Ack! You're pulling ahead of me :) I've just got to the point where I'm
about to start going through the tests with thread_safe_signal. A bit of
a redundant effort, I know, but once I got it to where I was planning to
drop it, it seemed so close to being done. Better to have two thread-safe
implementations than zero, I suppose.
> The thread-safe version will not support grouping and naming of
> slots, so there is a preprocessor flag
> "BOOST_SIGNALS_NO_LEGACY_SUPPORT" which changes the template
> signature of signalN. If defined, the Group and GroupCompare
> parameters are replaced
I didn't really follow exactly why you decided to drop Group and
GroupCompare.

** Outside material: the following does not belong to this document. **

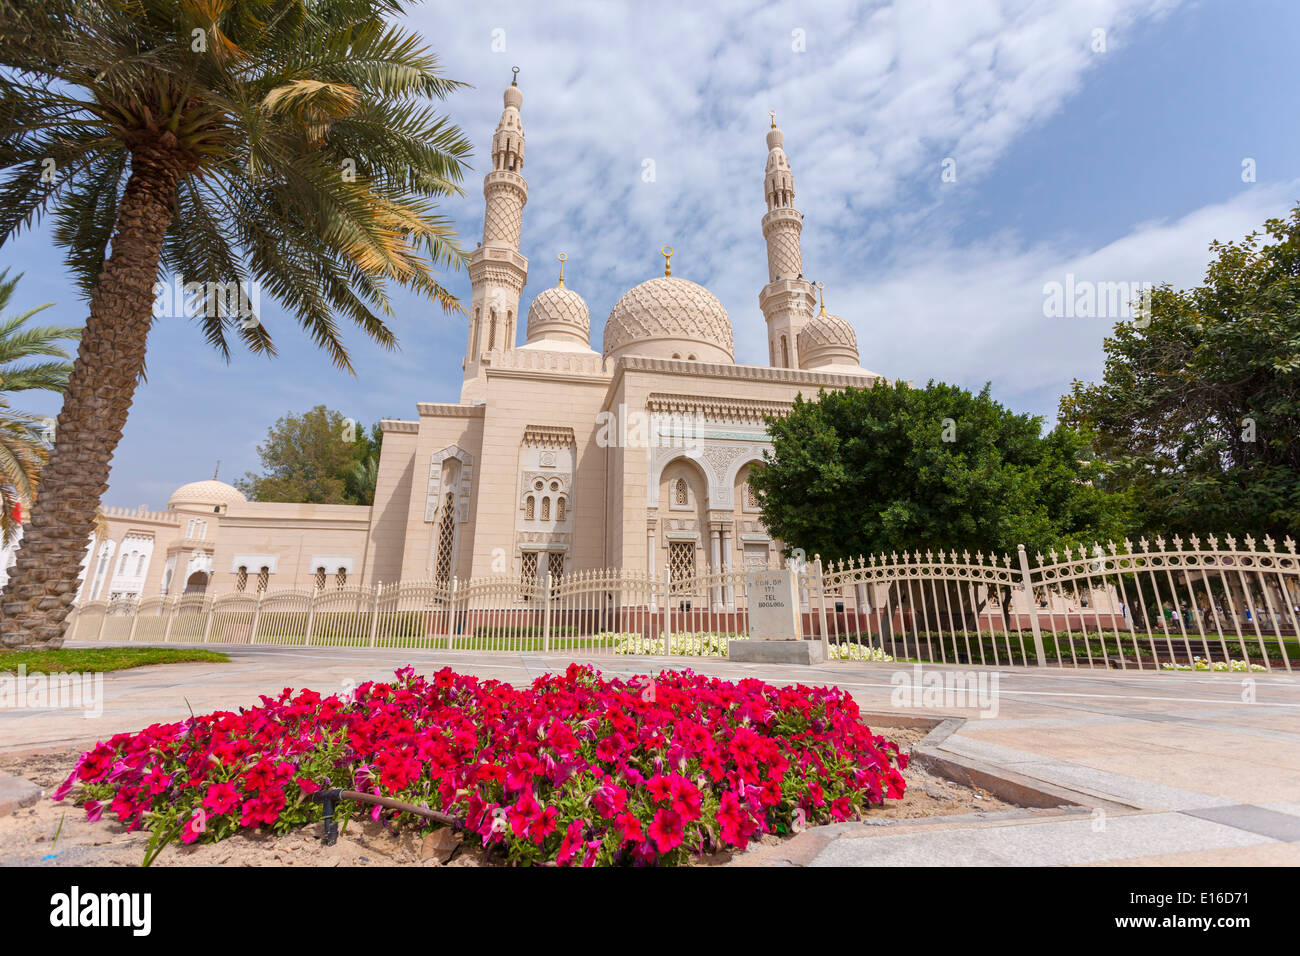 Jumeirah Moschee, ein herrliches Beispiel moderner islamischer Architektur, Dubai, Vereinigte Arabische Emirate Stockfoto

I was able to implement support for them pretty trivially
in thread_safe_signal (see thread_safe_signals/detail/slot_groups.hpp and
the connect() functions in
thread_safe_signals/detail/signal_template.hpp).
> The overhead for thread-safety does not grow with the number of
> connected slots, as I use a per-signal mutex and no per-slot
> locking. That looks good here, but I'm not yet sure it is the best
> solution in the long run. It would be nice to not block the
> entire signal for the whole time.
thread_safe_signals should be able to do multiple signal invocations
concurrently, as well as disconnect and connect concurrently with
invocation, due to my much-maligned per-slot locking :) and some other
trickery. If you benchmark thread_safe_signals though, be sure to do it
with multiple slots connected and multiple threads on a multicore cpu so
its benchmark results look nice and inflated :)
However, you should be able to get concurrent signal invocation even with a
single mutex once boost supports a recursive_read_write_mutex, right?